Last week, we saw yet another proposal in Congress to resolve law enforcement’s supposed “growing dark” issue — including the FBI’s misguided belief that encryption can be weakened just enough to catch the “bad guys” without harming the innocent. Under this approach, Congress would create a “National Commission on Security and Technology Challenges” to examine the impact of encryption on law enforcement, including the issues raised in the current Apple case.

On the surface, the idea of a commission may seem like a reasonable idea. After all, if we bring together “experts,” isn’t it likely they’ll come to the right conclusions?

But, despite the good intentions of the bill sponsors, Sen. Warner (D-Va.) and Rep. McCaul (R-Texas), we don’t think so. As drafted, the ACLU, along with advocacy groups including the Electronic Frontier Foundation, opposes the commission.

If history is any indication, commissions are often susceptible to partisan politics, inefficiency, errors, and bias. In this case, the scope, authorities, and makeup of the commission suggest it will be vulnerable to these pitfalls. There are several reasons for this.

First, its overly broad mission threatens to open up a Pandora’s box of bad ideas. The bill explicitly allows the commission to recommend revisions to existing warrant and wiretap statutes, additional “tools” that law enforcement and national security agencies could use to adapt to encryption advances, and ways for the private sector to make it more difficult for terrorists to use communications technologies. This would allow the commission to recommend expansions to NSA authorities or revisions to well-settled statutes, such as the Wiretap Act, which have protected the rights of Americans for decades. Or, it could propose that companies take steps that are ostensibly targeted at terrorist use of social media but, as a practical matter, actually undermine First Amendment principles for everyone. Examination of these issues by a body that is not accountable to the public could set back — rather than advance — the current debate.

Second, the bill grants disturbingly broad subpoena authority to the commission. The proposed bill would grant the commission the power to subpoena any information that is considered “materially relevant” to its duties. For example, the commission could require companies to turn over the technical specs of future or current encrypted products, journalists to reveal how they use encryption to communicate, or whistleblowers to disclose information that they may have provided in confidence.

In the past, we have seen how administrative subpoenas have been abused to engage in bulk collection and target innocent parties. The ACLU has always opposed broad subpoena authorities precisely because they are vulnerable to these types of abuses, and we similarly have significant concerns with the subpoena provisions in the proposed bill.

Third, the commission would be redundant. The issue of encryption has been examined by countless experts, including those at MIT, Harvard, and within the President’s Review Group. These experts have found that mandates to build a backdoor into encrypted products are unwise and impracticable. It is not necessary to use taxpayer resources to fund yet another commission to reexamine this well-settled issue — particularly in the current environment where there is political pressure to adopt proposals that undermine encryption.

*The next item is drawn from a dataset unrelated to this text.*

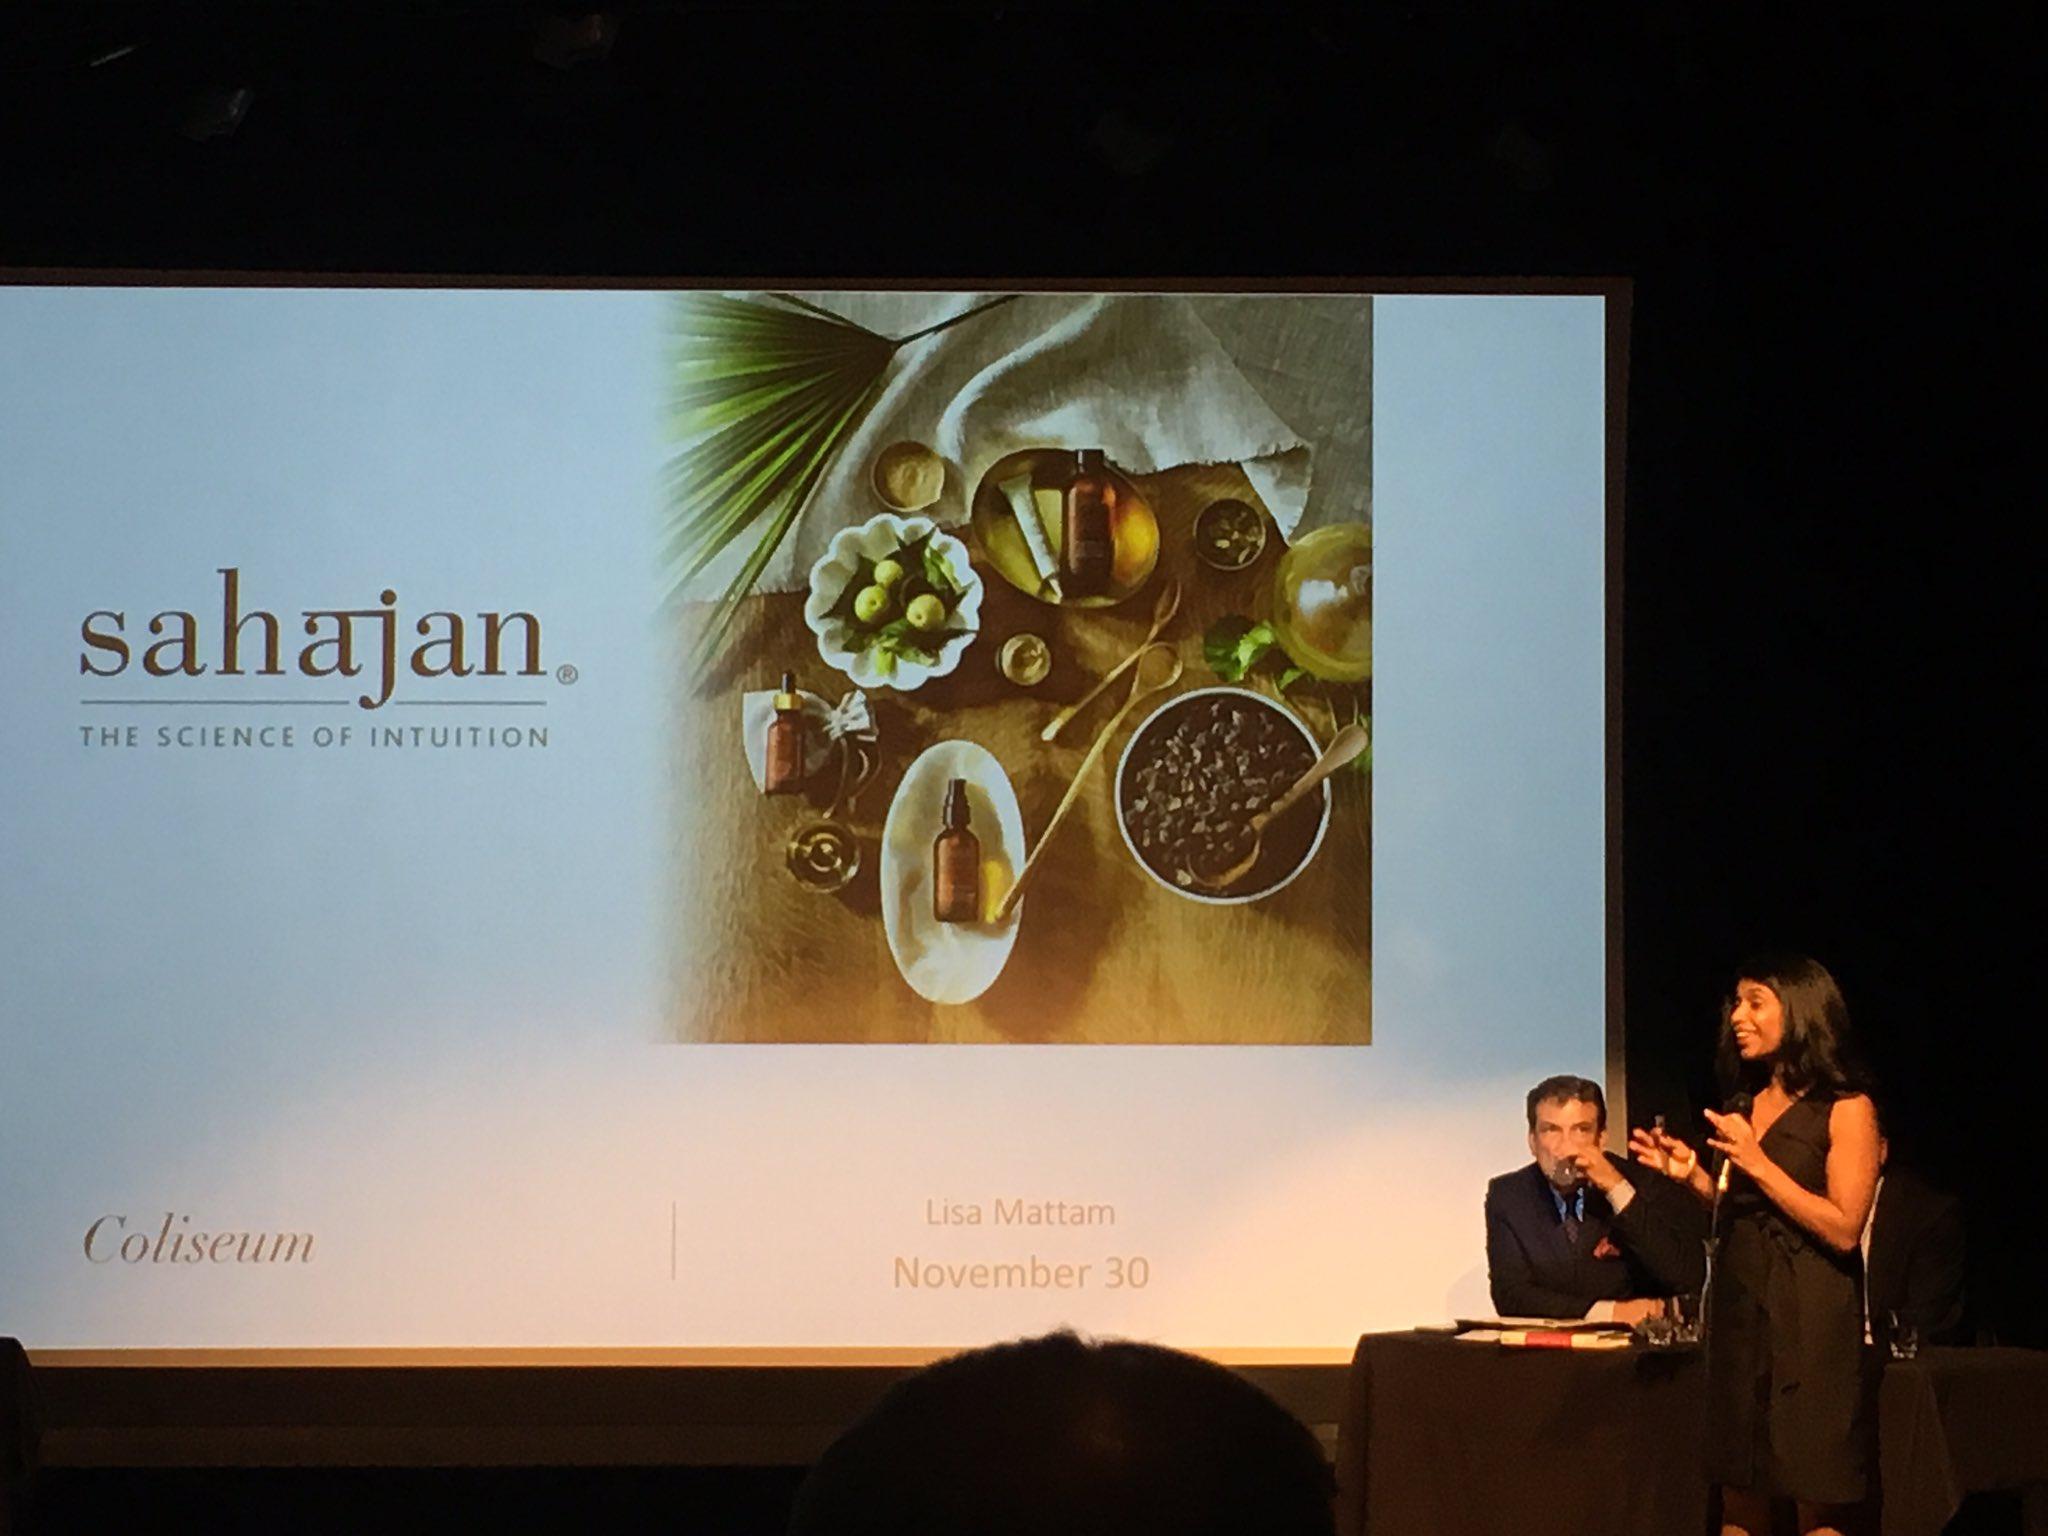 Founder of @sahajanskincare starts her pitch at  #Coliseum2016 @aagefontario 📍#entrepreneurship #toronto https://t.co/gRgcwY0sd3

Fourth, the commission includes inadequate provisions to ensure that privacy and civil liberties viewpoints will be adequately represented. Any commission is only as good as its members. The proposal does not contain a requirement that a significant subset of commission members come from the privacy and civil liberties community. Under the proposed legislation only two of the 17members must come from this community; other members would be drawn from the government, technology sector, or have expertise in specific issues. And there is no requirement that privacy and civil liberties representatives agree with any ultimate recommendations, which means they could be marginalized and ignored.

The supporters of this proposal actually have good intentions and want to encourage a thoughtful approach to this issue. The problem, however, is that we are not confident that this commission would not ultimately be used, even unintentionally, to defend policies that undermine privacy and security.